• **Source data**:
+ + + + + + +

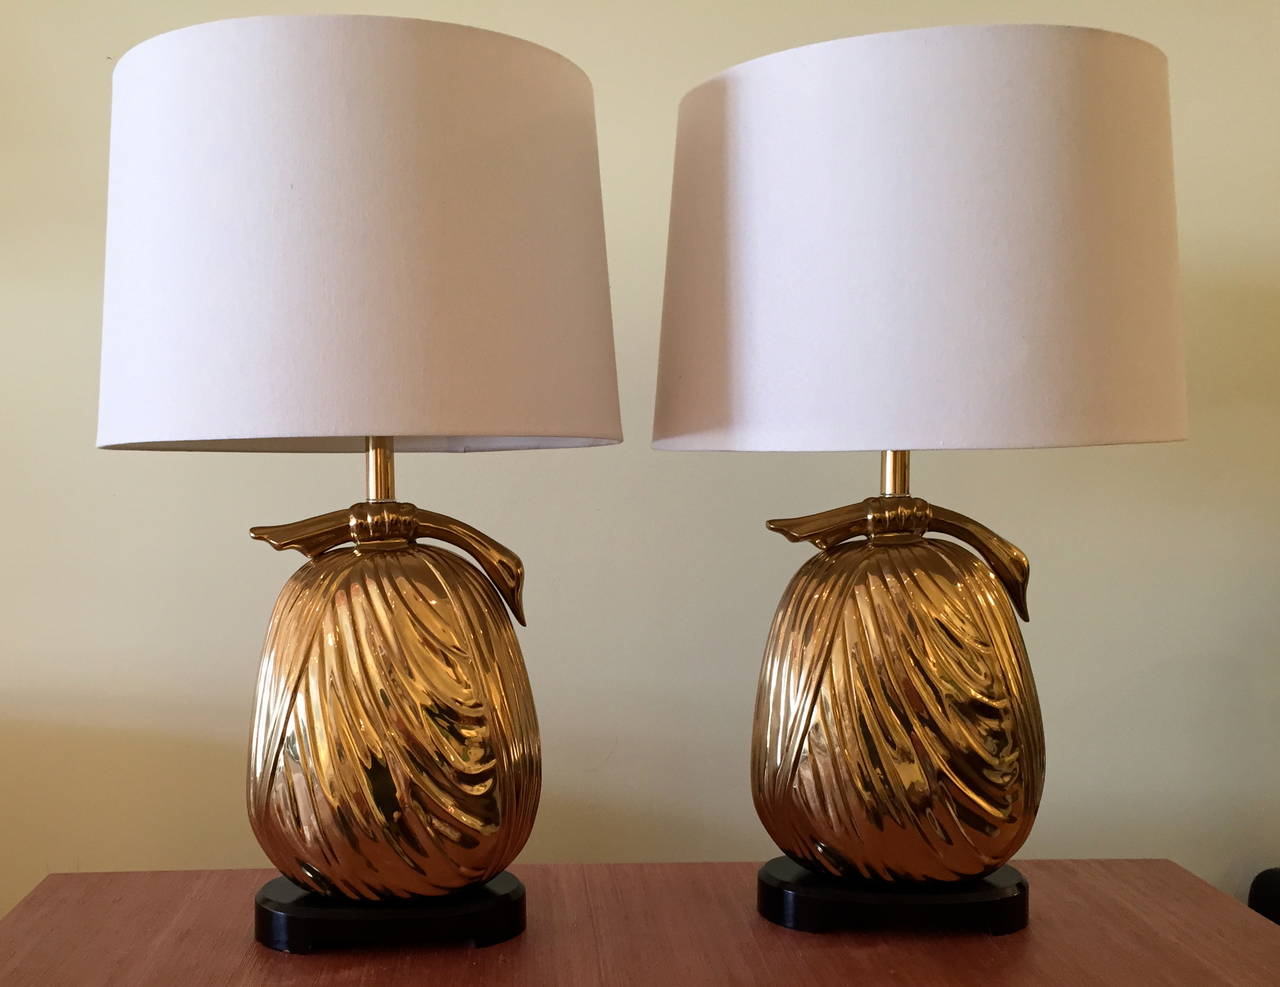 The lamps measure 20 inches to the top of the socket.  The body of the lamps is 15 inches high.  The lampshades are not included in the listing.

Please contact us for shipping options.
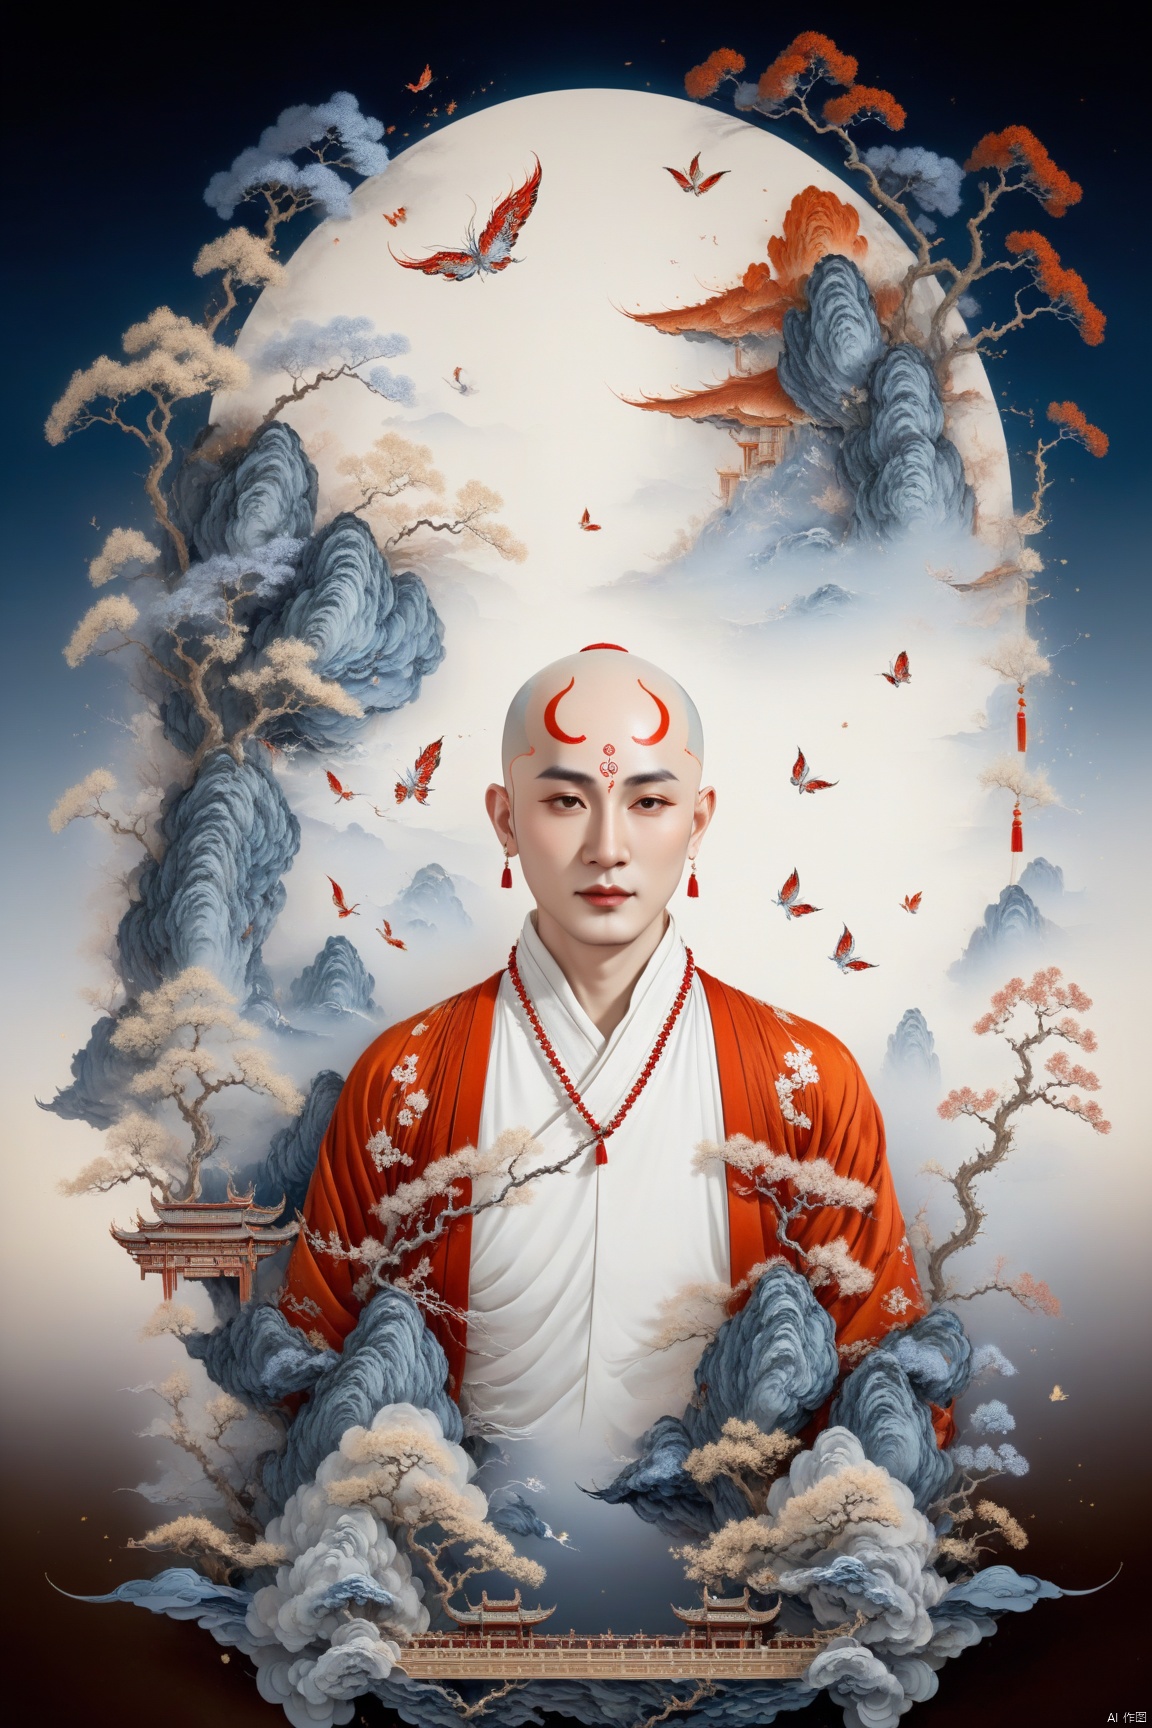  A handsome bald monk in white, put one's palms together devoutly, he wears long Buddhist beads around his neck, a touch of red vermilion between the brow, fluttering around silver butterflies, charming gaze, epic fantasy scenes, handsome, influenced by ancient chinese art, elaborate costumes, high details, more details, high quality, best quality, UHD, 4K

+ + + + + + +

• **Your task**: Find the line containing "Please contact us for shipping options." and copy it and each line after it through the end of the material, exactly, with no pictures.

• **Finished task**:
Please contact us for shipping options.
  A handsome bald monk in white, put one's palms together devoutly, he wears long Buddhist beads around his neck, a touch of red vermilion between the brow, fluttering around silver butterflies, charming gaze, epic fantasy scenes, handsome, influenced by ancient chinese art, elaborate costumes, high details, more details, high quality, best quality, UHD, 4K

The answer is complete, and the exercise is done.